** INFORMATION SHOWN follows **
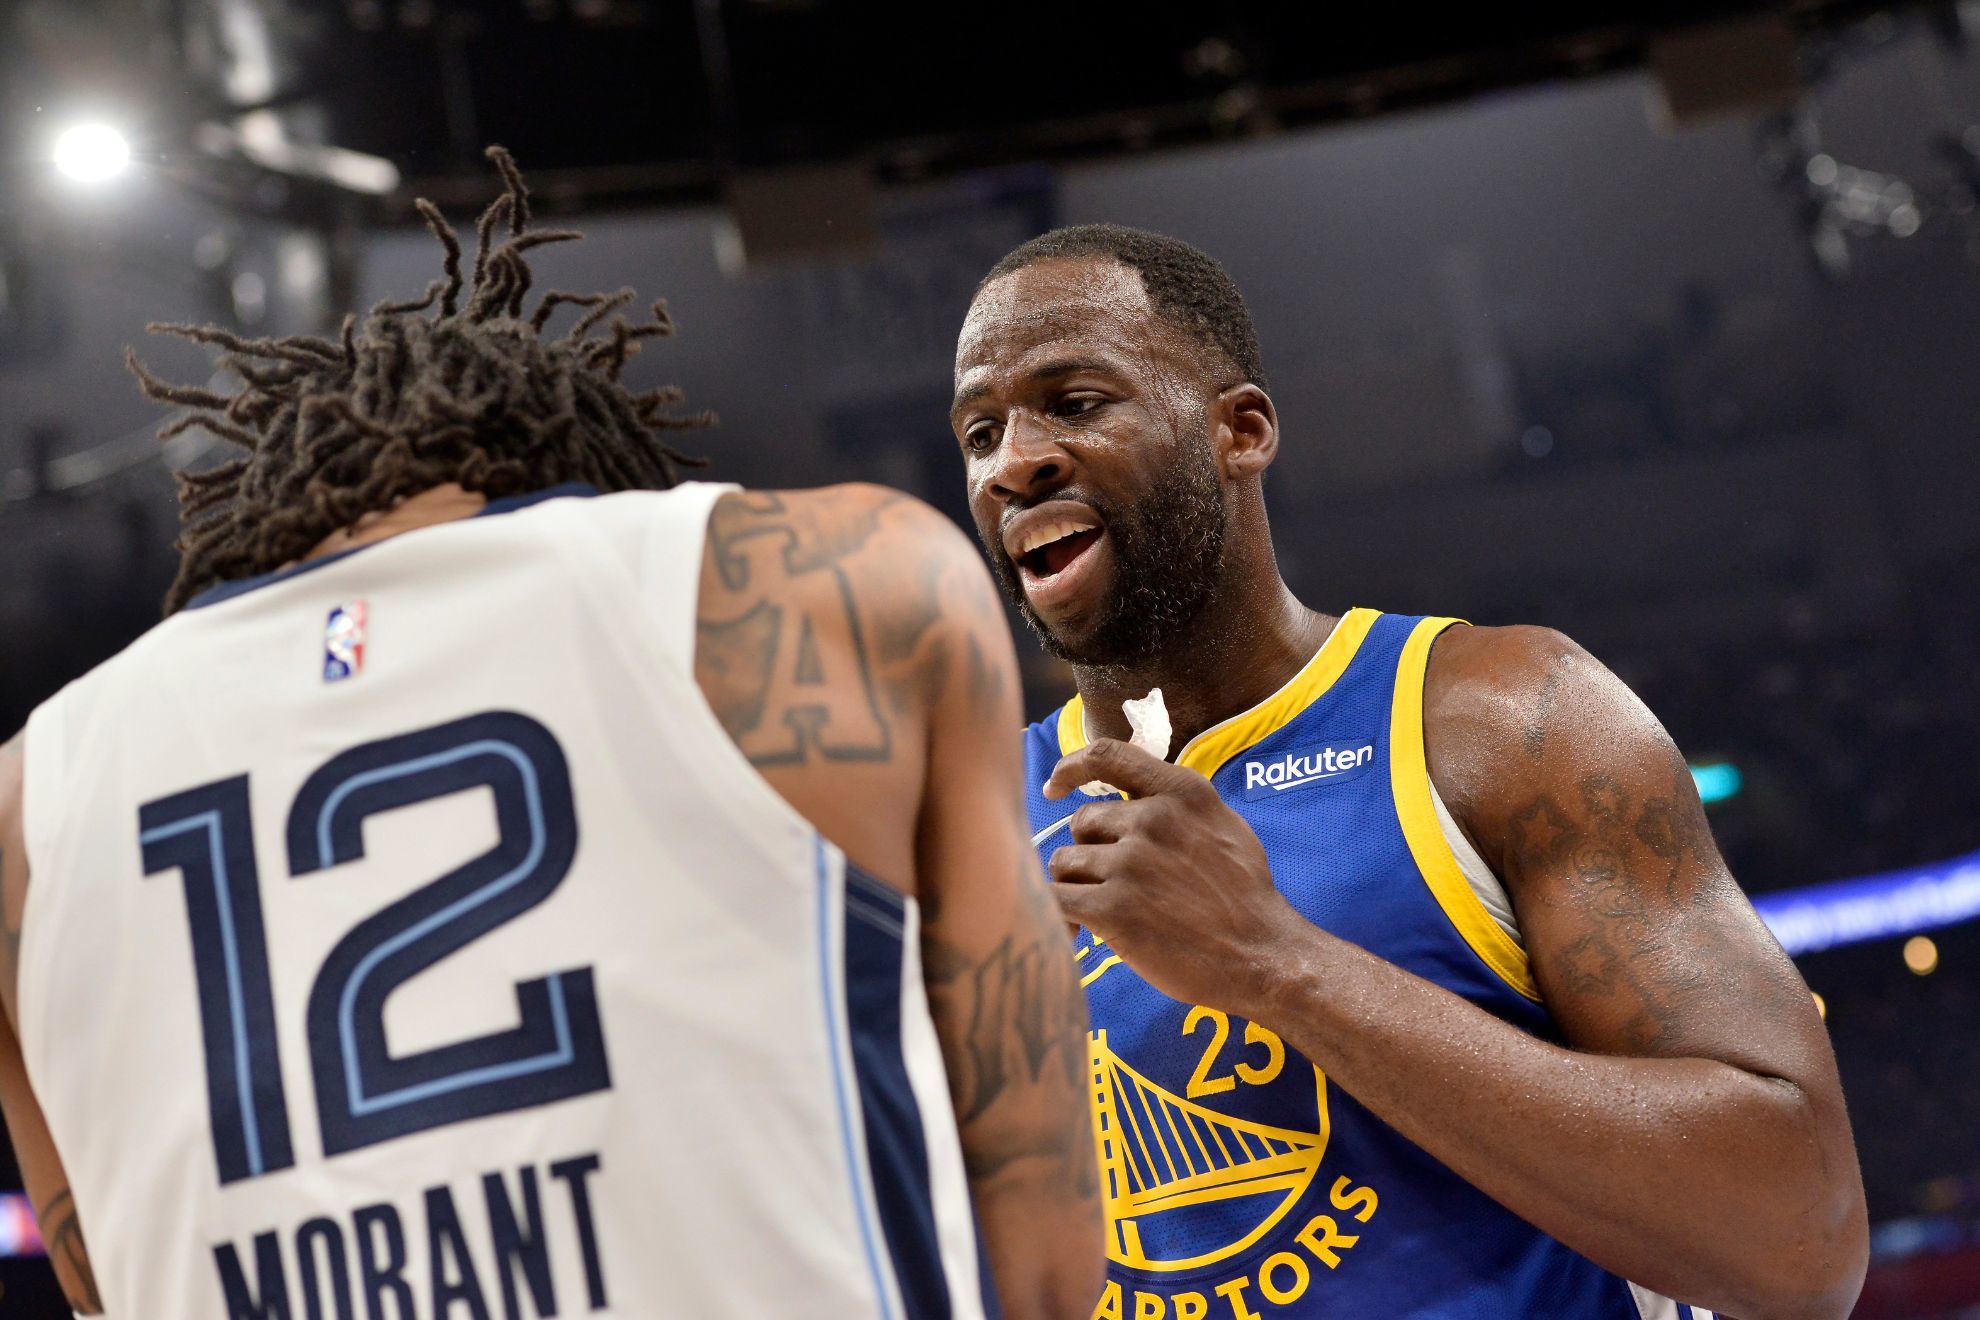 Draymond Green stands up for Ja Morant after Adin Ross calls for arrest
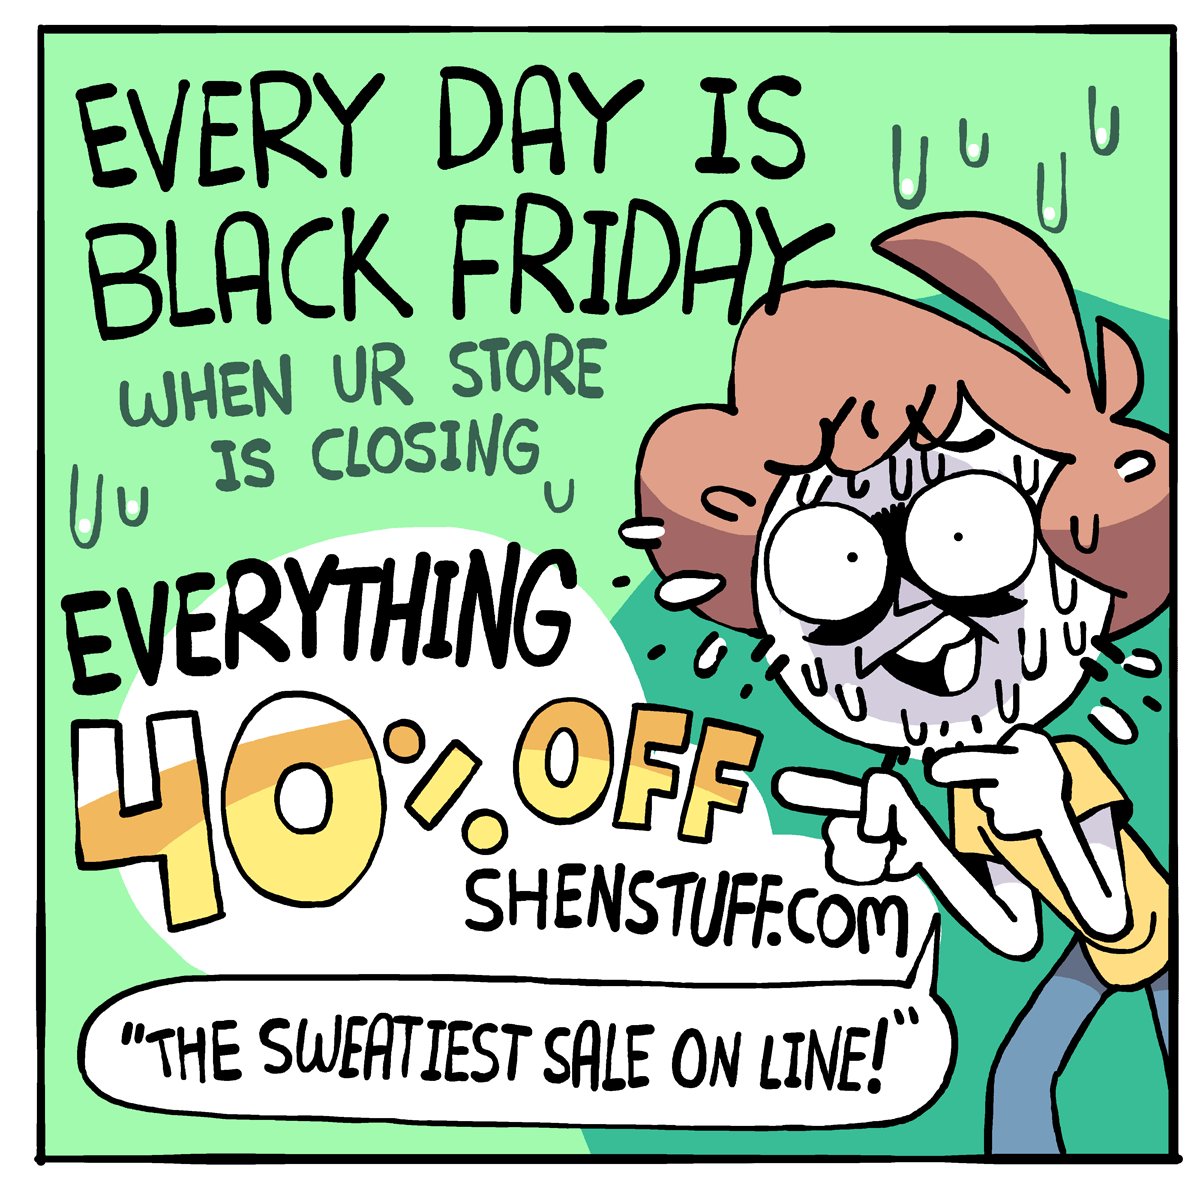 HEY there, i see you're doing preparing to do some black friday shopping? well, don't tell anybody, but i heard that https://t.co/xE8CyiiV6Q has some FANTASTIC deal--WAIT WAIT DON'T LEAVE 
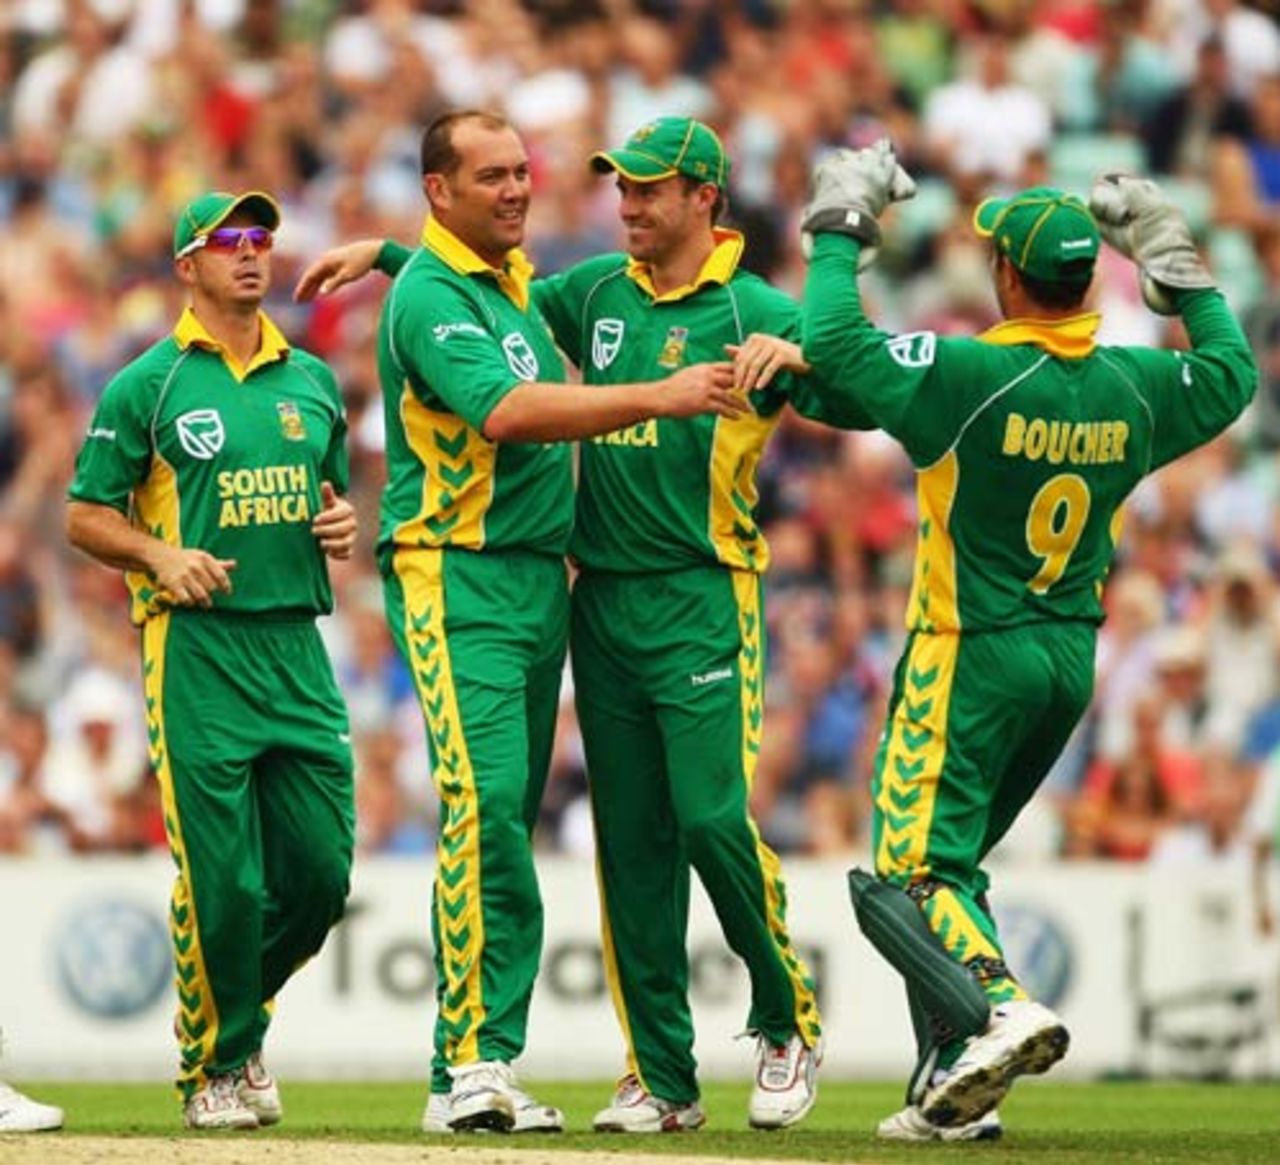 Jacques Kallis is mobbed after bowling Owais Shah, England v South Africa, 3rd ODI, The Oval, August 29, 2008
** End of INFORMATION SHOWN **
→ **WHAT YOU WILL DO**: Text only, please: give the listing again word for word with no images.

→ **TASK RESULT**:
 Draymond Green stands up for Ja Morant after Adin Ross calls for arrest
 HEY there, i see you're doing preparing to do some black friday shopping? well, don't tell anybody, but i heard that https://t.co/xE8CyiiV6Q has some FANTASTIC deal--WAIT WAIT DON'T LEAVE 
 Jacques Kallis is mobbed after bowling Owais Shah, England v South Africa, 3rd ODI, The Oval, August 29, 2008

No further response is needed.